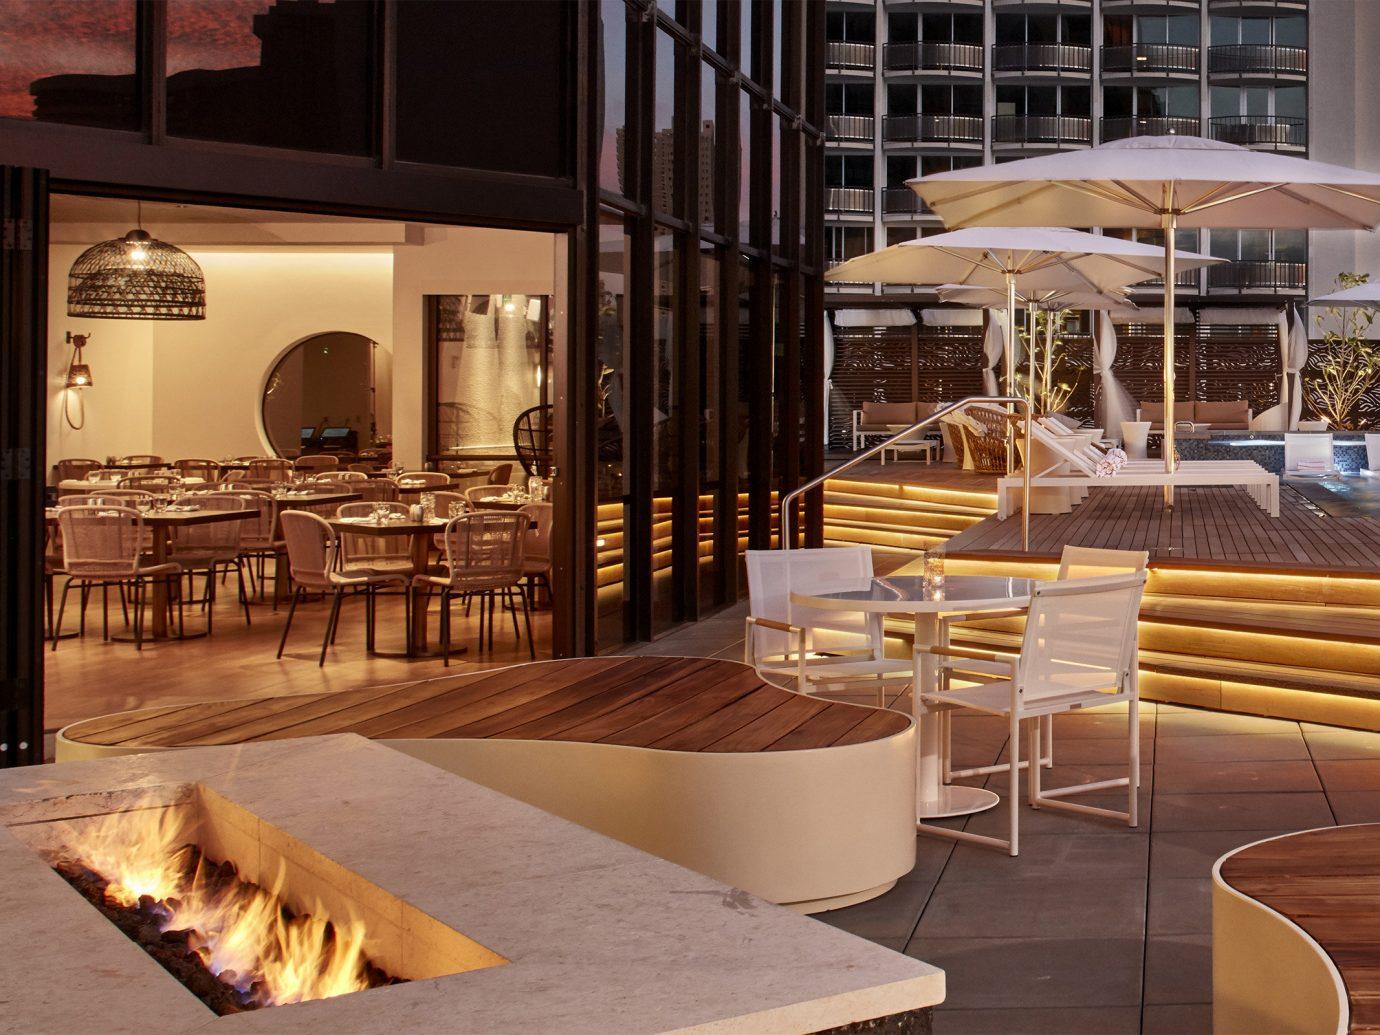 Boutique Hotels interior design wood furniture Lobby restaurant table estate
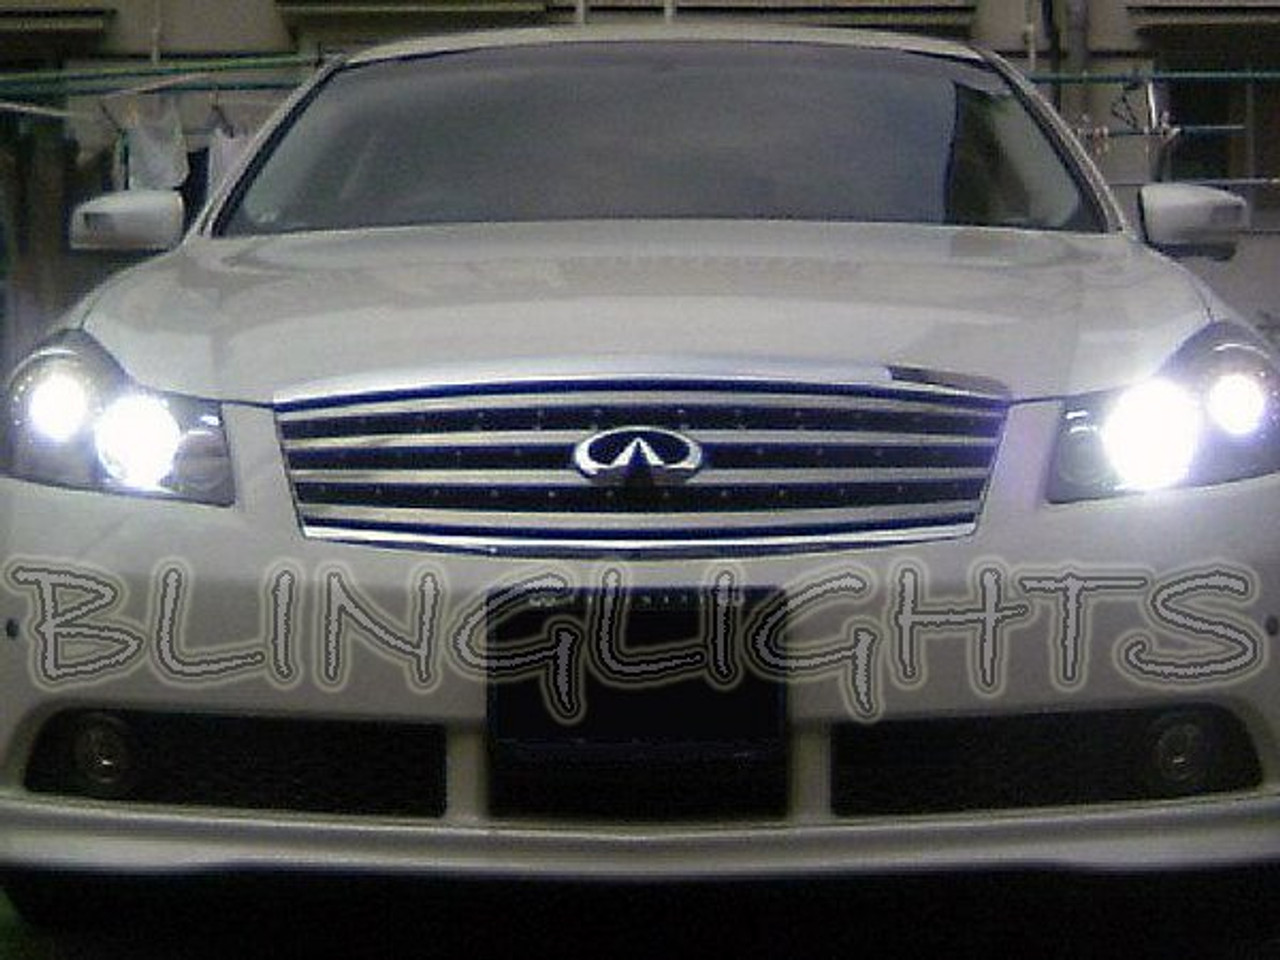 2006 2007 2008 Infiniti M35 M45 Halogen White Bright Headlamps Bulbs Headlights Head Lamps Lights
--
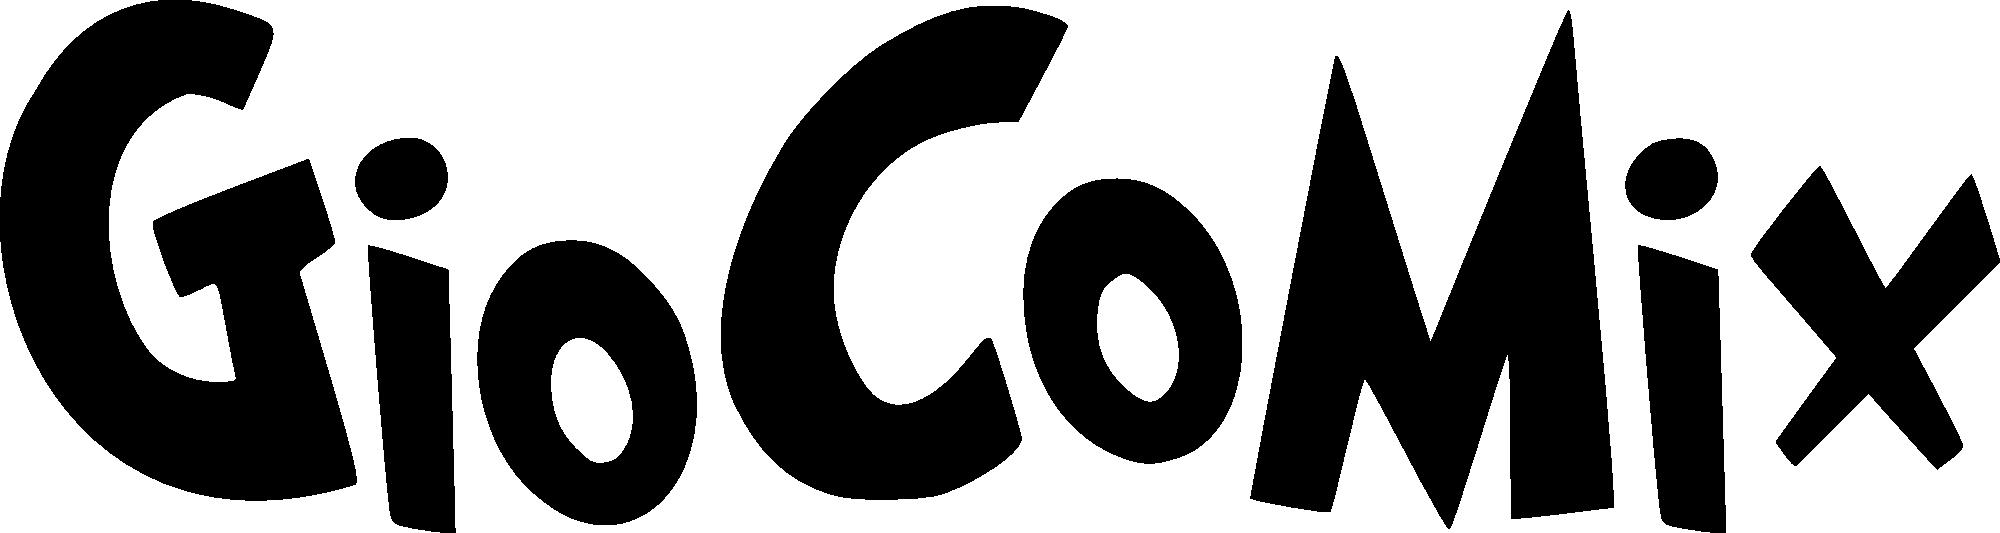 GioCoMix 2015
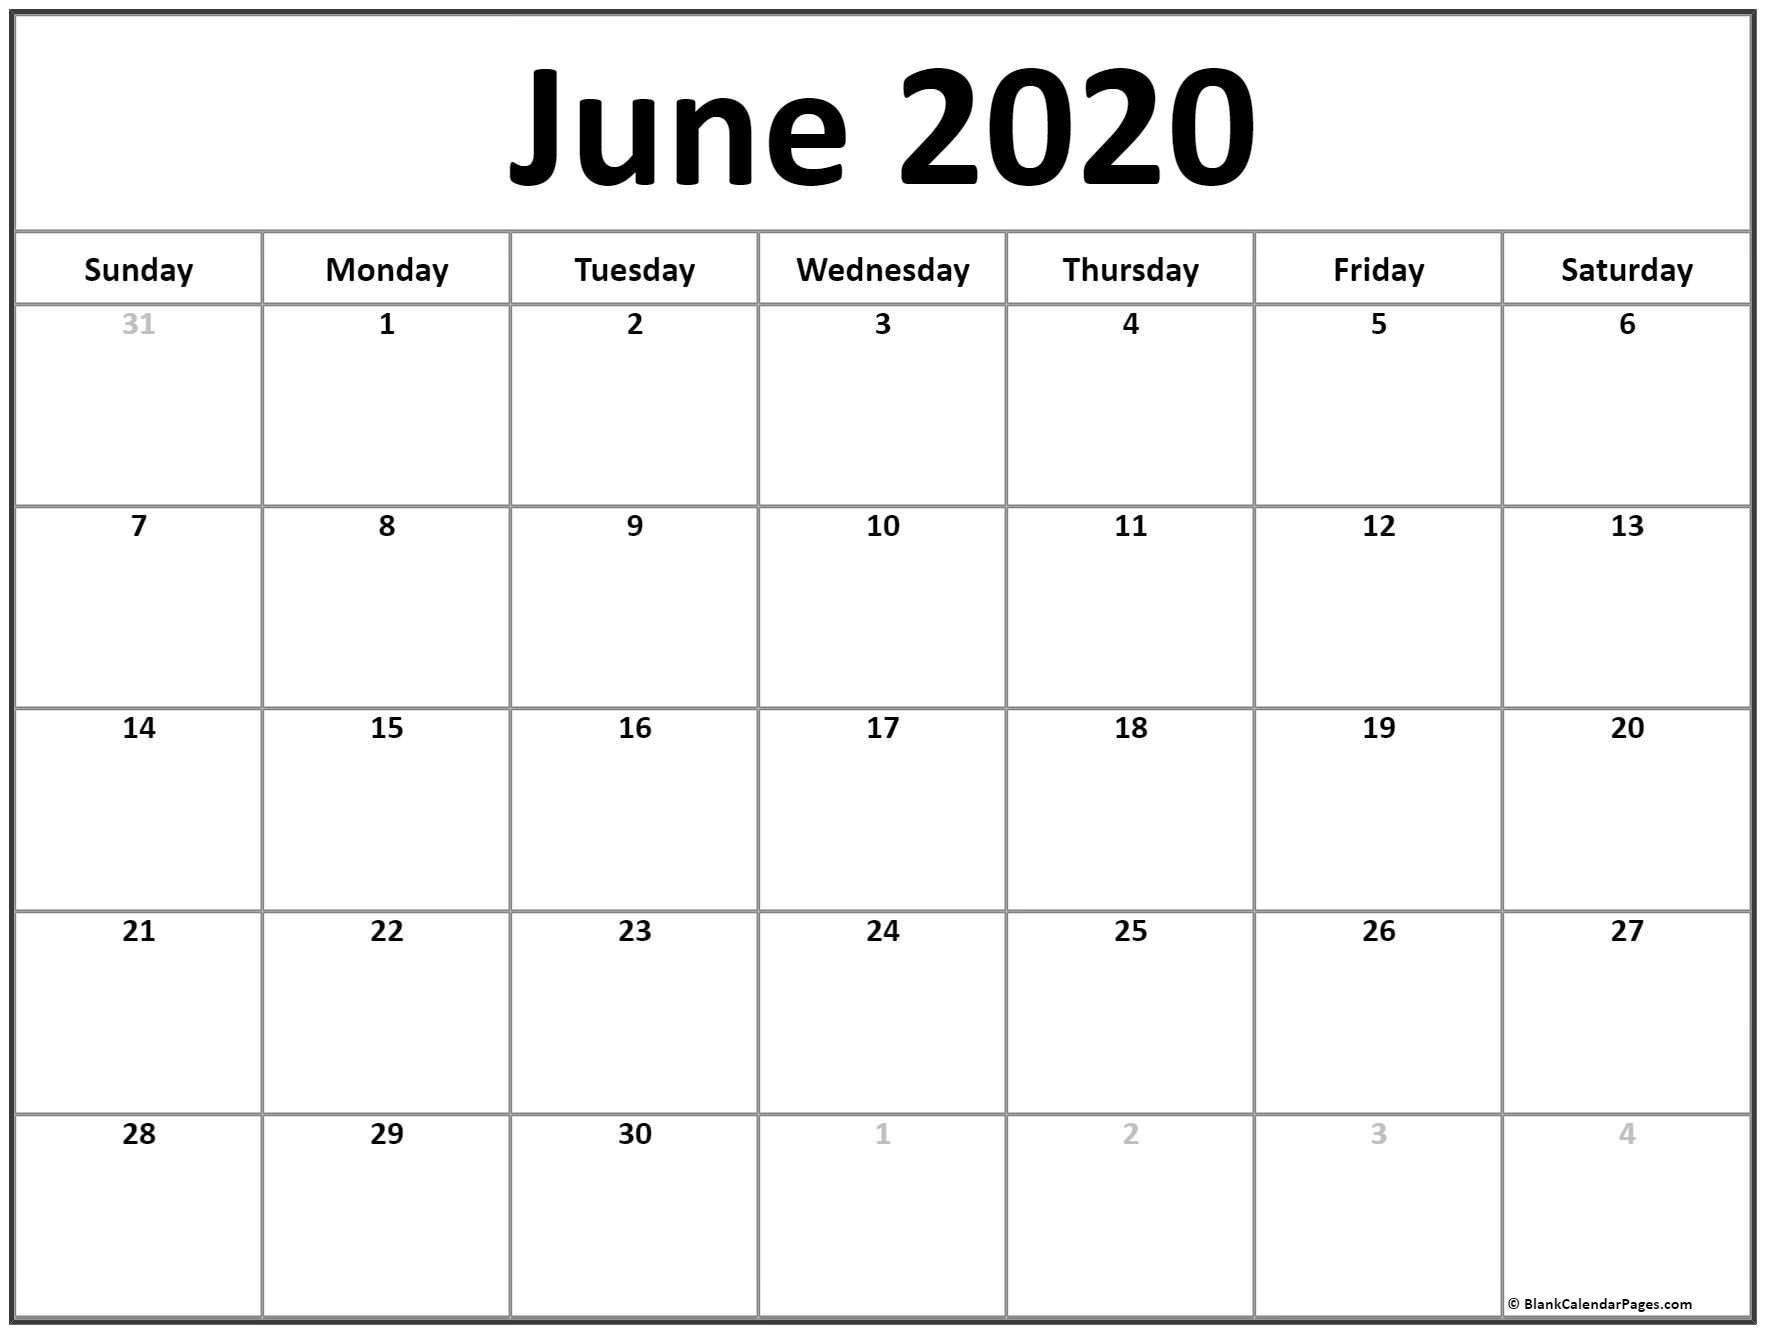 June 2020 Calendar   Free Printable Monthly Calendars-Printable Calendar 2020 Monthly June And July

**Exercise directions:** Pictures excluded, transcribe the listing above exactly from the line with "Boutique Hotels interior" through the line with "2006 2007 2008", and no further.

**Solution for this exercise:**
 Boutique Hotels interior design wood furniture Lobby restaurant table estate
 2006 2007 2008 Infiniti M35 M45 Halogen White Bright Headlamps Bulbs Headlights Head Lamps Lights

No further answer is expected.